I just took out a pile of these from my house, I switched to extruded aluminum plates, I wanted to be able to utilize lower storage temps and run a condensing Viessman Vitodens 200 backup as efficient as possible.

Ultra fins work ok, I'm just trying to heat with the lowest temp possible. Also a believer in unfaced fiberglass below.


----------



## barnartist (Jan 17, 2011)

Wow, you actually took out plates to put these in? You must really be a believer in the extruded. I have never heard of them til you just mentioned it. I looked them up. What is the thinking that these will allow you to run at a lower temp?
They look thick and pricey- true?


----------



## Tarmsolo60 (Jan 17, 2011)

barnartist said:
			
		

> Wow, you actually took out plates to put these in? You must really be a believer in the extruded. I have never heard of them til you just mentioned it. I looked them up. What is the thinking that these will allow you to run at a lower temp?
> They look thick and pricey- true?



Each extruded plate give you approx 190 sq" (4"x48") of aluminum in direct contact with the subfloor. Heat transfer is more efficient because of conduction. Lower water temp required to get required surface temp.
This give you lower usable storage temps
This also gives you lower running temps cooler returns for better condensing on condensing boilers

The plates are fairly thick and are pricey but in my opinion worth it. Above floor systems like warmboard(crazy expensive) are even better for low temps, I did a job with a 157,000 heat loss and heated it with 100 degree water.


----------



## in hot water (Jan 17, 2011)

Here is a look through the lens of an infrared camera.  Notice the difference when ThermoFin aluminum transfer plates are used.

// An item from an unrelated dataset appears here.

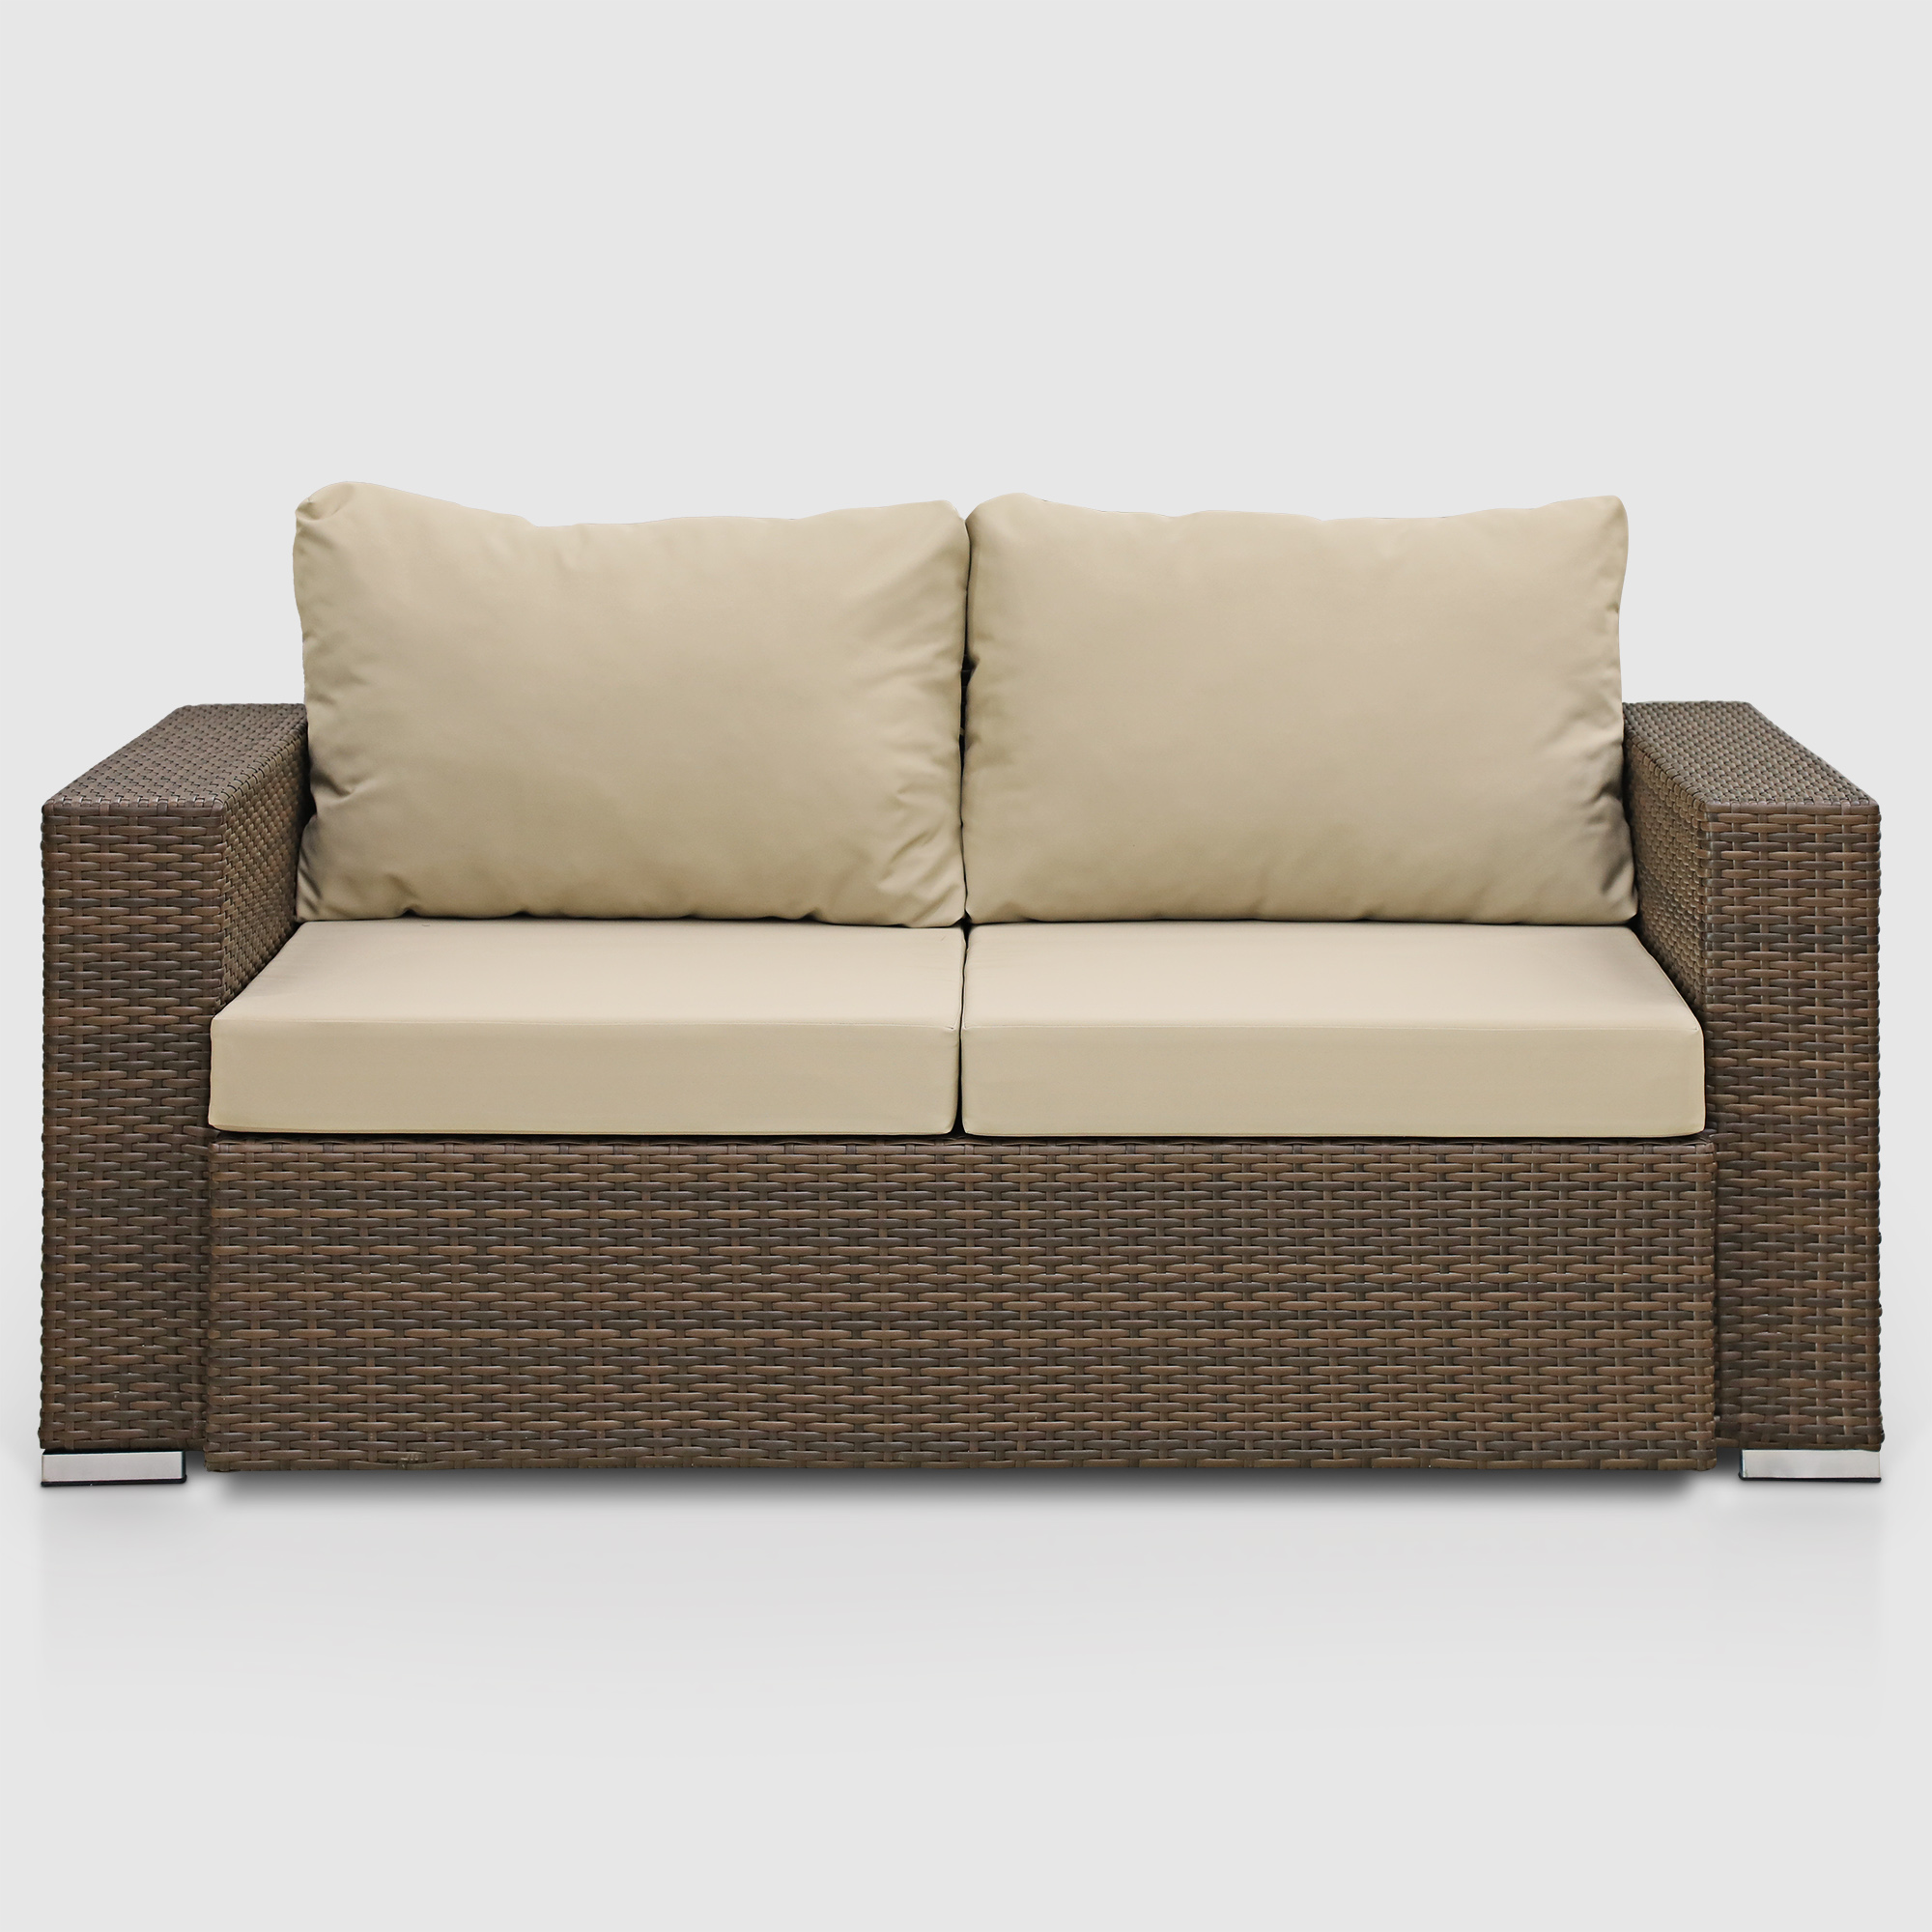 Комплект мебели Ns Rattan Cleo коричневый с бежевым 7 предметов, цвет бежевый, размер 224х88х70 - фото 7

Also notice where I laid a piece of carpet over the 3/4 plywood, on the back 1/2 of every demo and just a strip on the suspended tube panel,  and how it changes the temperature.  That was carpet without pad.  All running the same amount of pex, same flow rate and same, 140F supply.

Notice on the far right panel where I pulled the transfer plate away from the floor to crimp the supply onto the copper in the transfer plate. 

hr


----------



## in hot water (Jan 17, 2011)

The power of a conductor.  this is a piece of Warmboard.  Basically it is a piece of 1-1/8" plywood with grooves routered in 12" on center.  Then they stamp a piece of aluminum over the entire sheet.  So you snap the 1/2 pex into those aluminum grooves.

Notice where I routered through the aluminum to change a loop length and how it broke the conduction transfer.

hr


----------



## DaveBP (Jan 17, 2011)

hr, I love these IR scanner pictures. Can you tell us what temperature range we're seeing with the colors from purple-orange-yellow-white?


----------



## in hot water (Jan 17, 2011)

DaveBP said:
			
		

> hr, I love these IR scanner pictures. Can you tell us what temperature range we're seeing with the colors from purple-orange-yellow-white?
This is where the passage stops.